Still, our disappointments should not obscure our progress. They should caution us not to overreach, but they should not intimidate us from making the most of this moment, to continue building a safer, more humane world than the one that inaugurated this century. 

I am often identified as a critic of administration policies. But I have just as publicly agreed with administration policies when I have found them to have merit as I have criticized them when they have been feckless, I strongly supported the expansion of NATO, as well as the two great trade successes, NAFTA and the Uruguay Round. But to understand the mistakes of Clinton statecraft, we need to discuss them plainly.

At the core of the problem are two pronounced flaws: strategic incoherence and self-doubt. The first refers to the lack of a conceptual framework -- in other words, what we want the world to be and how we can help make it so. A conceptual framework establishes the relationships among our many interests in the world, provides the basis for prioritizing those interests, and obliges us to integrate policies to serve those priorities.

Early on, the administration had a flight of fancy that posed as the means employed to support a conceptual framework -- "assertive multilateralism." But it fell apart in Somalia and Bosnia, and assertive gave way to passive multilateratism, where we act in concert with other nations when they determine it necessary to safeguard security. In Bosnia, and probably soon in Kosovo, Arnerican troops are deployed not only, but primarily, to ensure stability in Europe. Yet, only two of our NATO allies help us in any meaningful way to contain the threat from Iraq.

The second fault I find with the administration, it's self-doubt, is obviously related and a primary cause of its strategic incoherence. Often evident in administration policies is a mystifying uncertainty about how to act in a world where we are the only superpower. When the administration stands mute and undecided about where and how they want to lead the world, they exhibit, to friend and foe alike, an identity crisis, an image of America an existential crisis, who are we and why are we here?

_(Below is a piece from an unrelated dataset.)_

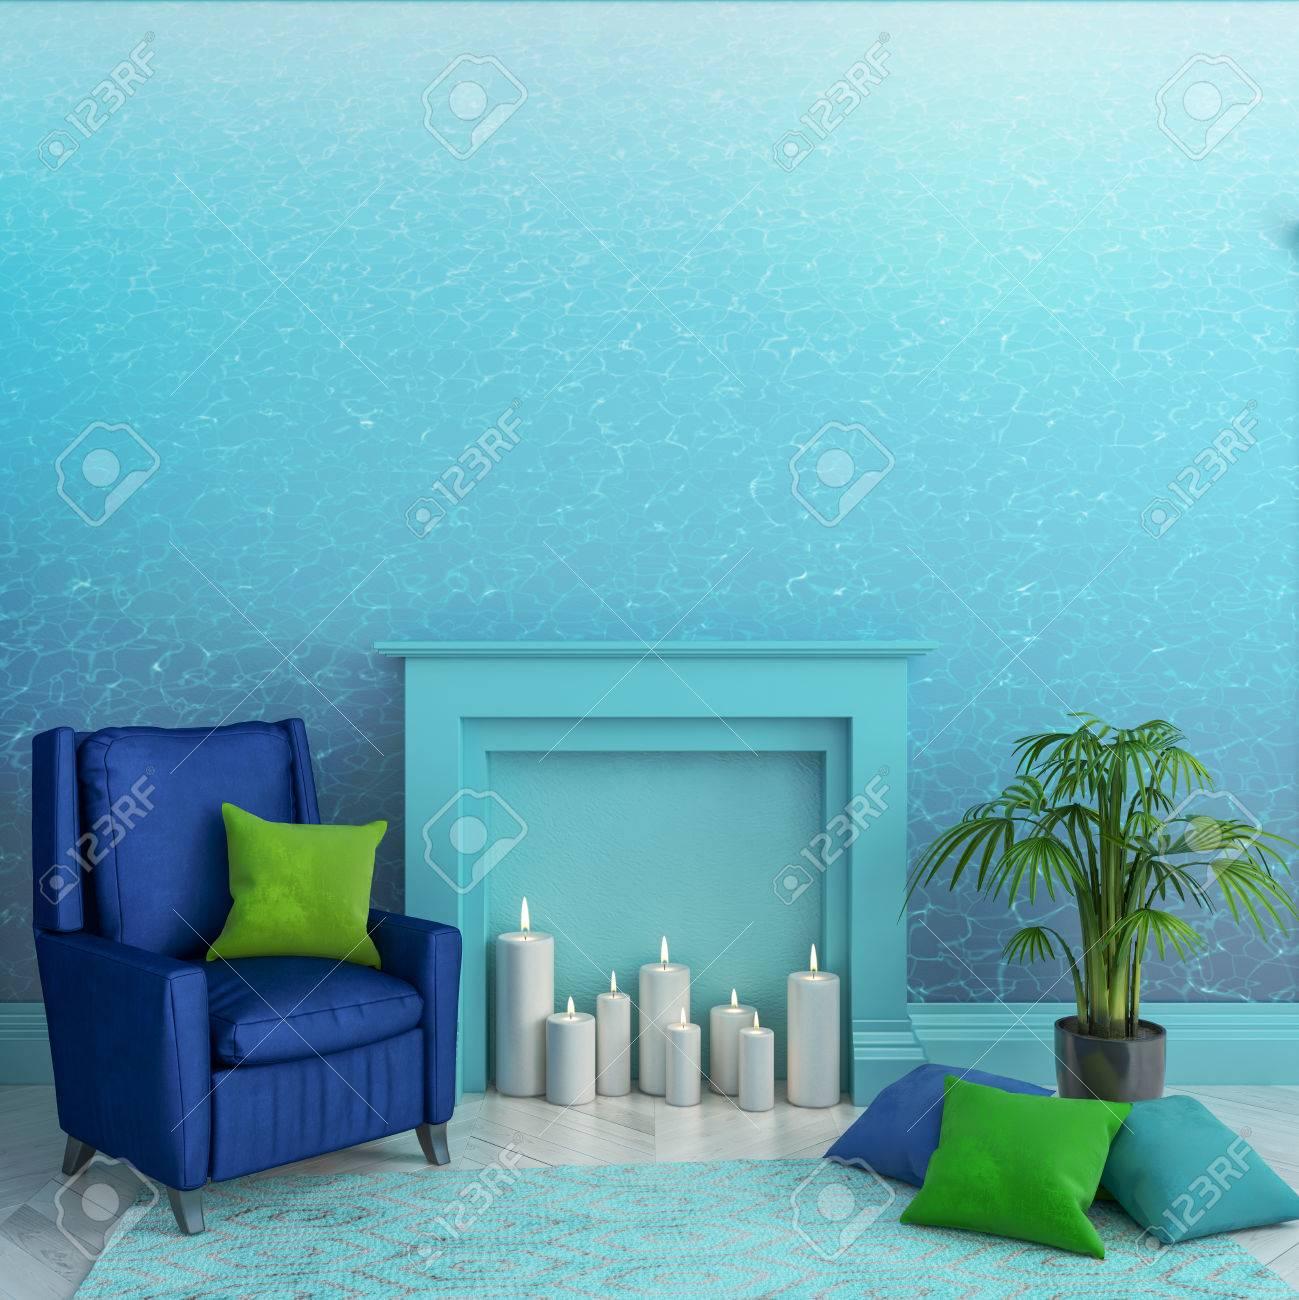 壁 暖炉 キャンドル アームチェア 枕 カーペット 植物に青い水テクスチャー壁紙と空の部屋 北欧のインテリア モックアップを作成します 3 D レンダリング図 の写真素材 画像素材 Image

Nowhere has this confusion been more evident than in our relationship with China. Virtually at the speed of light, tbe President's view of Chinese leaders has changed from the "bloody butchers of Beijing" to our "strategic partners." They are neither. They are determined, indeed, ruthless, defenders of their regime, who will do whatever is necessary, no matter how inhumane or offensive to us, to pursue their own interests. And they lead a nation of extraordinary potential, that is, whether we like it or not, becoming a great power.

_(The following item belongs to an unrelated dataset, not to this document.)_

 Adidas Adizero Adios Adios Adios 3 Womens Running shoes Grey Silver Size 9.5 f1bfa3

I agree that America must engage China if we are to maximize our influence over how that immense nation emerges as a world power. I have opposed efforts to revoke normal trading status between us or to freeze our diplomacy toward China. And in recent months the Chinese have cooperated with us more than usual on matters such as the Asian financial crisis and a little more than usual on proliferation.

But while we should hope for and work toward the best end -- that our relationship will influence China to become an internationally responsible and politically enlightened country, we must also prepare for the other contingency, that China emerges as the primary threat to American interests and values.

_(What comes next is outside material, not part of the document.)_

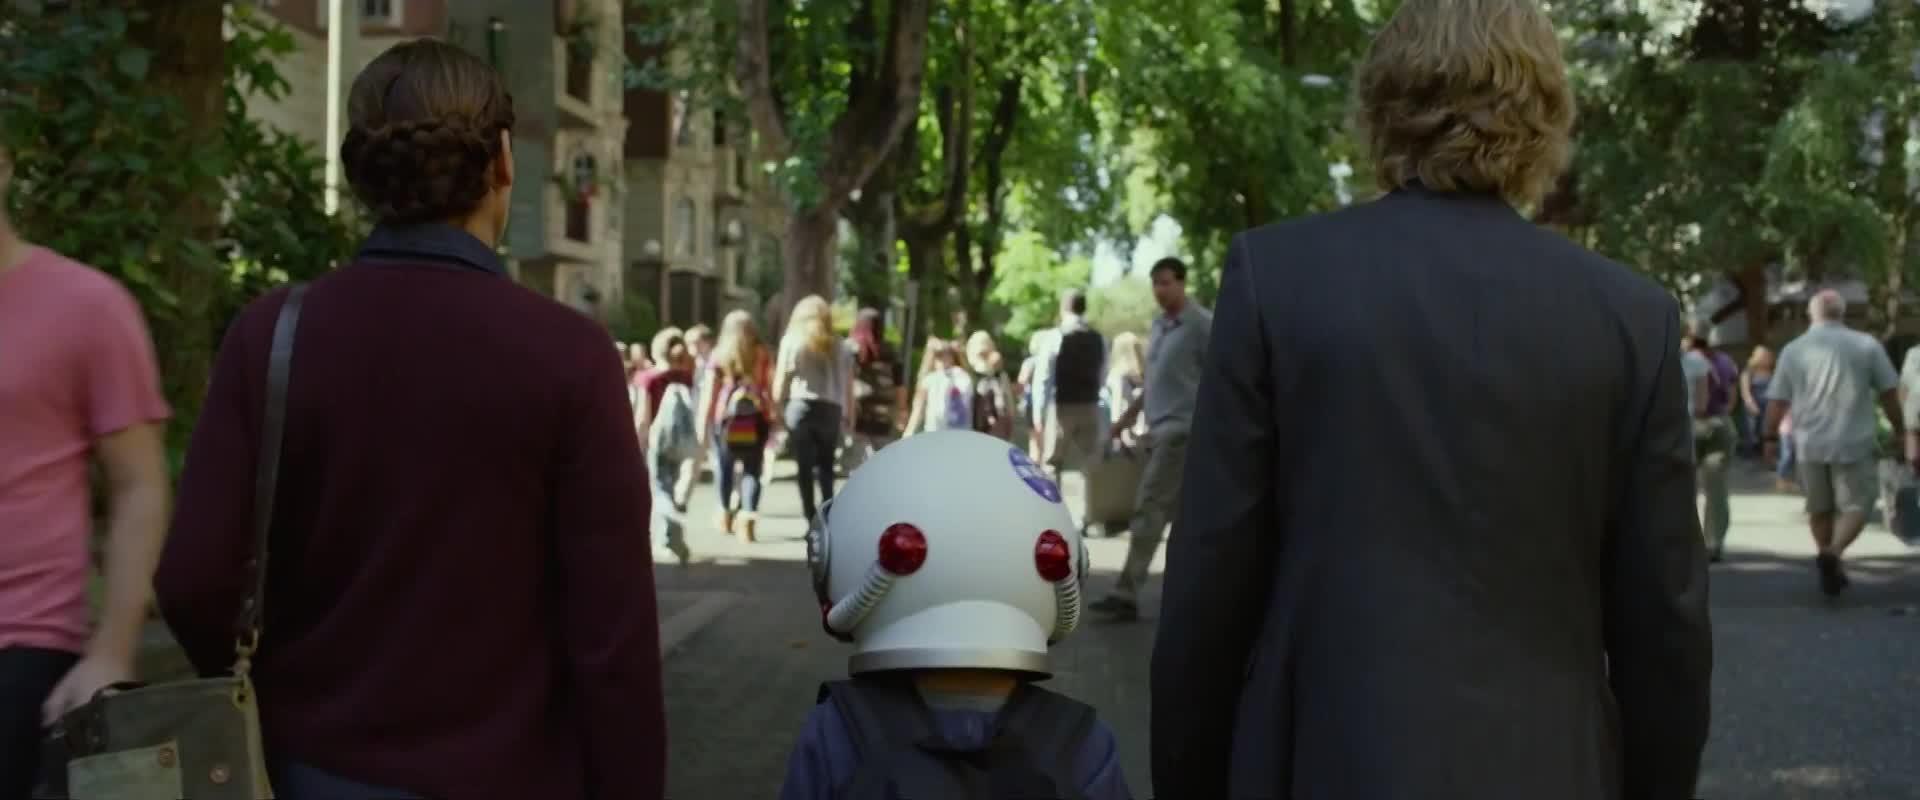 Сериал Карточный домик все серии 14 сезон смотреть онлайн

Engagement is not surrender. Engagement does not require us to cede to China advantages that come at the expense of our own security. Yet, in their pursuit of a strategic partnership, administration officials have -- I hope unwittingly -- left the United States more vulnerable to a ballistic missile attack. The latest spy incident proves the point beyond dispute, but evidence that China has become a greater threat has been mounting for some time. Not surprisingly, as their strategic power improves, China has played an increasingly aggressive role in the region, and seems less and less concemed with our objections to human rights violations there.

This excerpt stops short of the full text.